* _Required action_:
Type the listing below out again exactly. No images.

* _Stored data_:
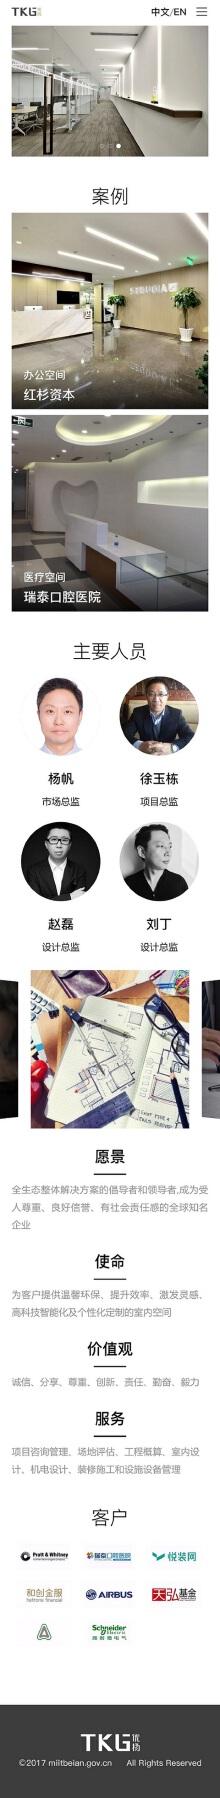 悠扬工程手机端中文官网
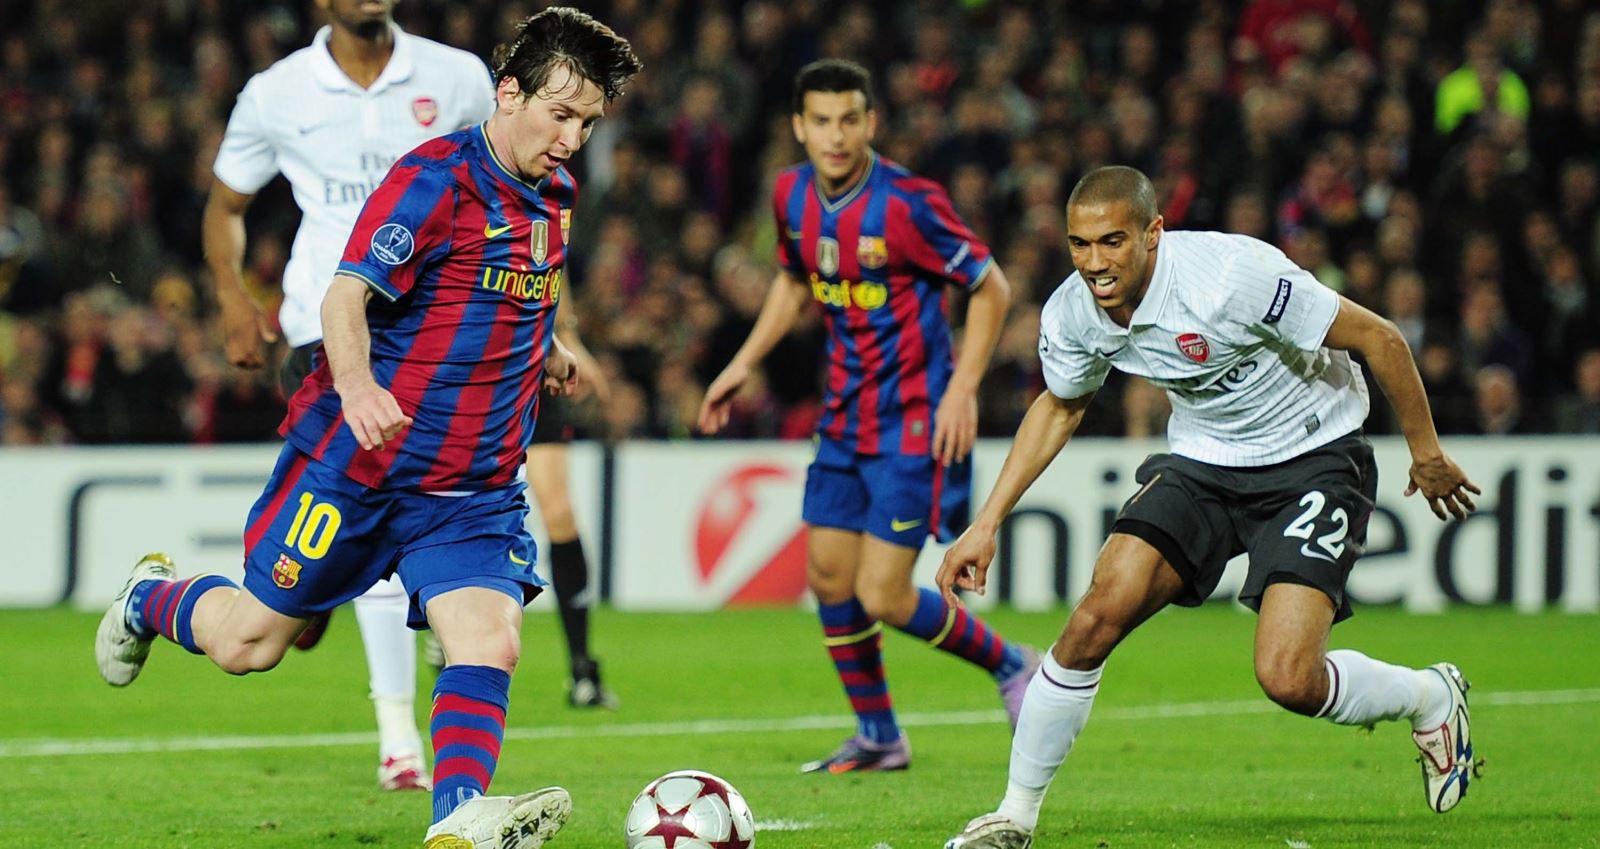 bóng đá, bong da, messi, lionel messi, arsenal, pháo thủ, barcelona, barca, poker, 4 bàn, champions league, cúp c1
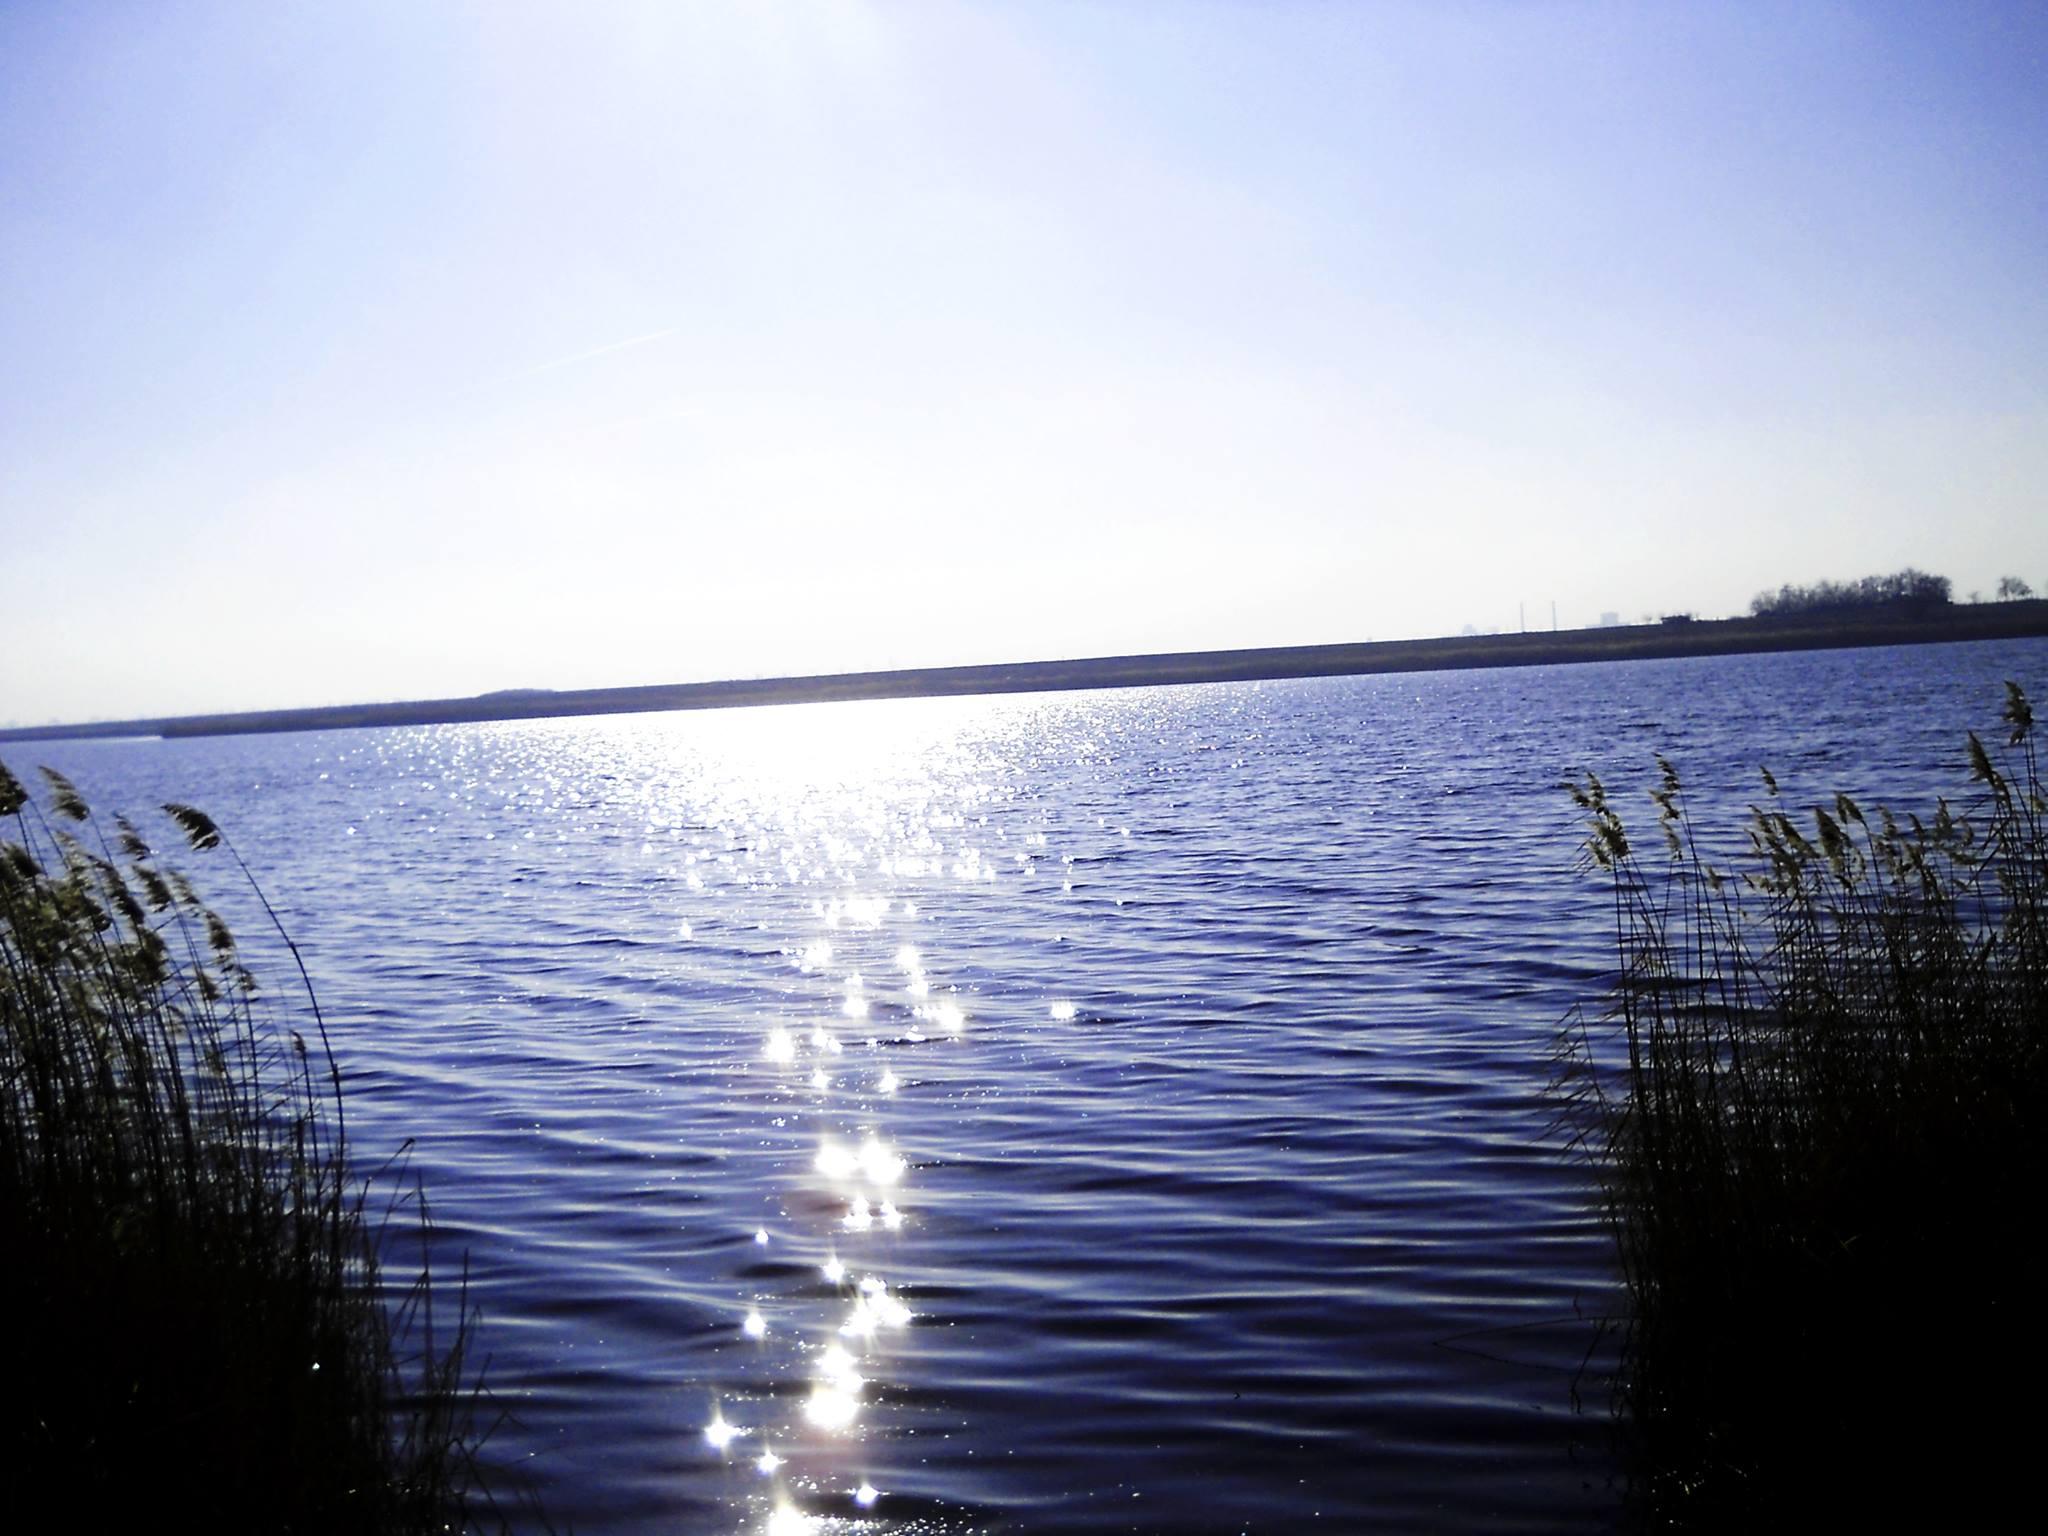 """""""Turist în țara mea"""": """"Ingredientul secret cu puteri tămăduitoare"""" din apa Lacului Amara. Savantul Petru Poni l-a descoperit"""
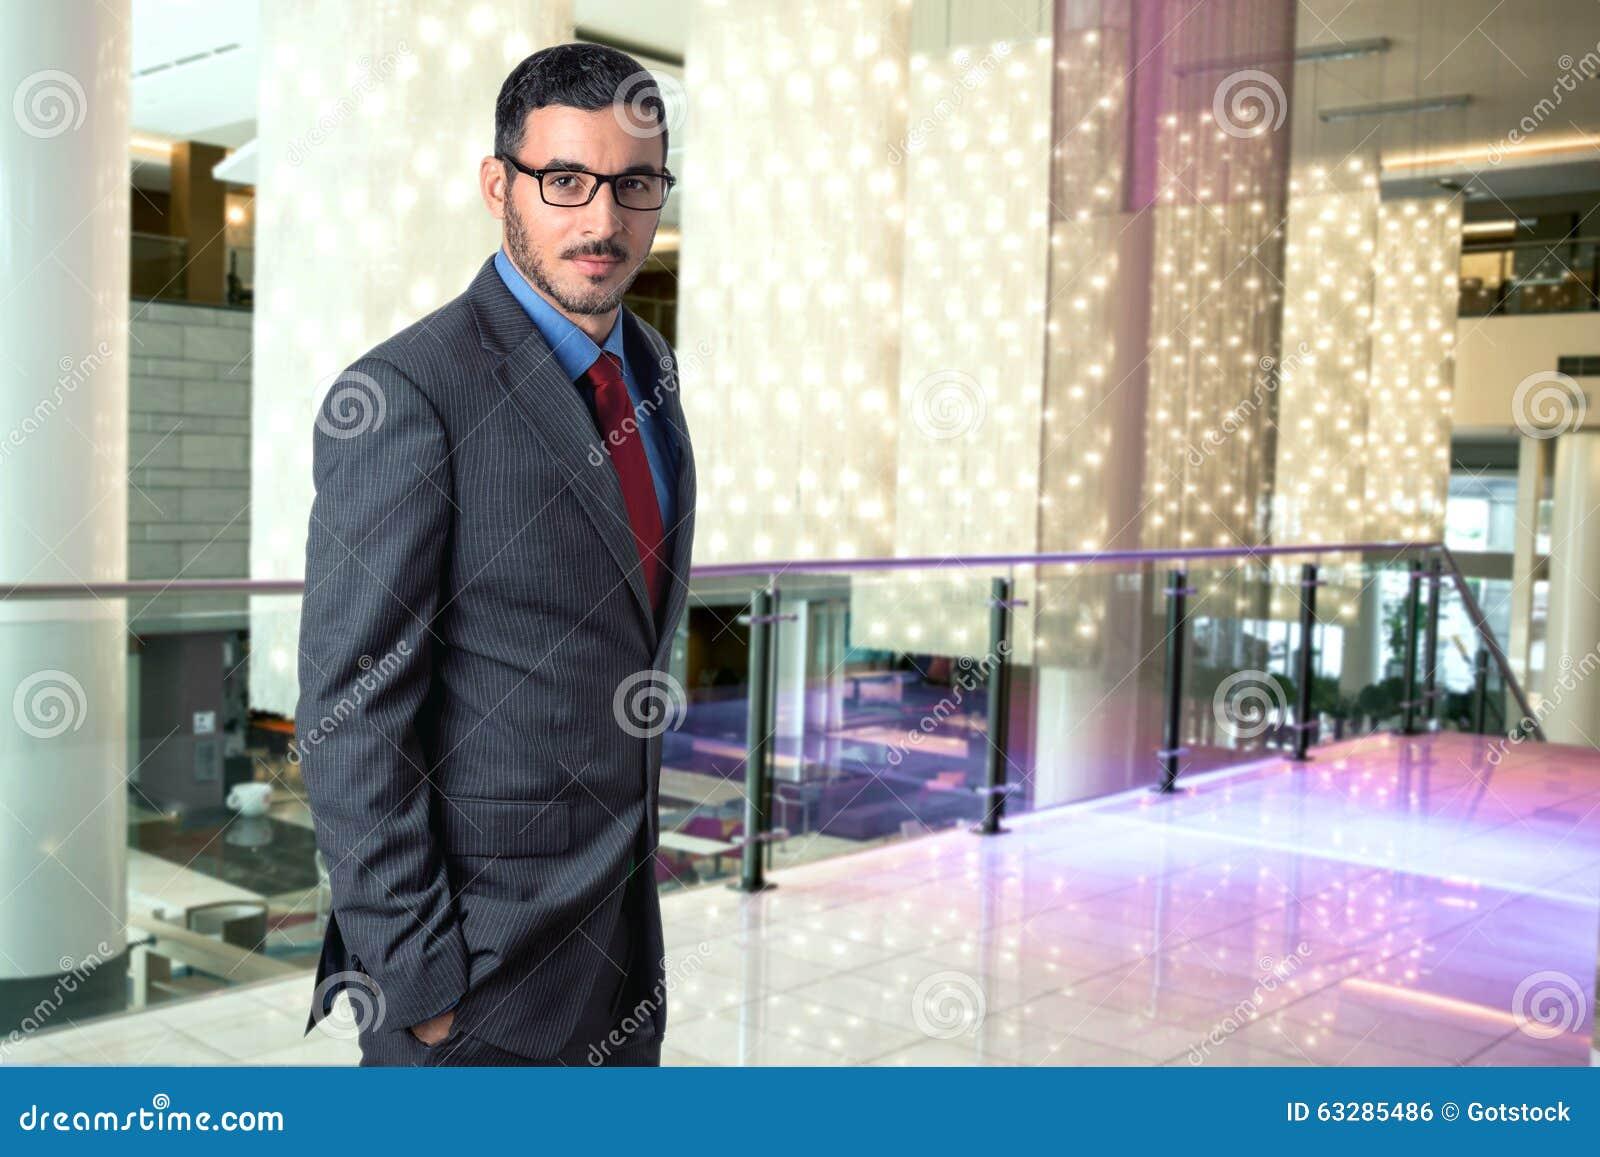 Retrato de um executivo bem sucedido de viagem do homem de empresa em um CEO à moda seguro do local de trabalho da entrada do hot

* _Answer section_:
 悠扬工程手机端中文官网
 bóng đá, bong da, messi, lionel messi, arsenal, pháo thủ, barcelona, barca, poker, 4 bàn, champions league, cúp c1
 """""""Turist în țara mea"""": """"Ingredientul secret cu puteri tămăduitoare"""" din apa Lacului Amara. Savantul Petru Poni l-a descoperit"""
 Retrato de um executivo bem sucedido de viagem do homem de empresa em um CEO à moda seguro do local de trabalho da entrada do hot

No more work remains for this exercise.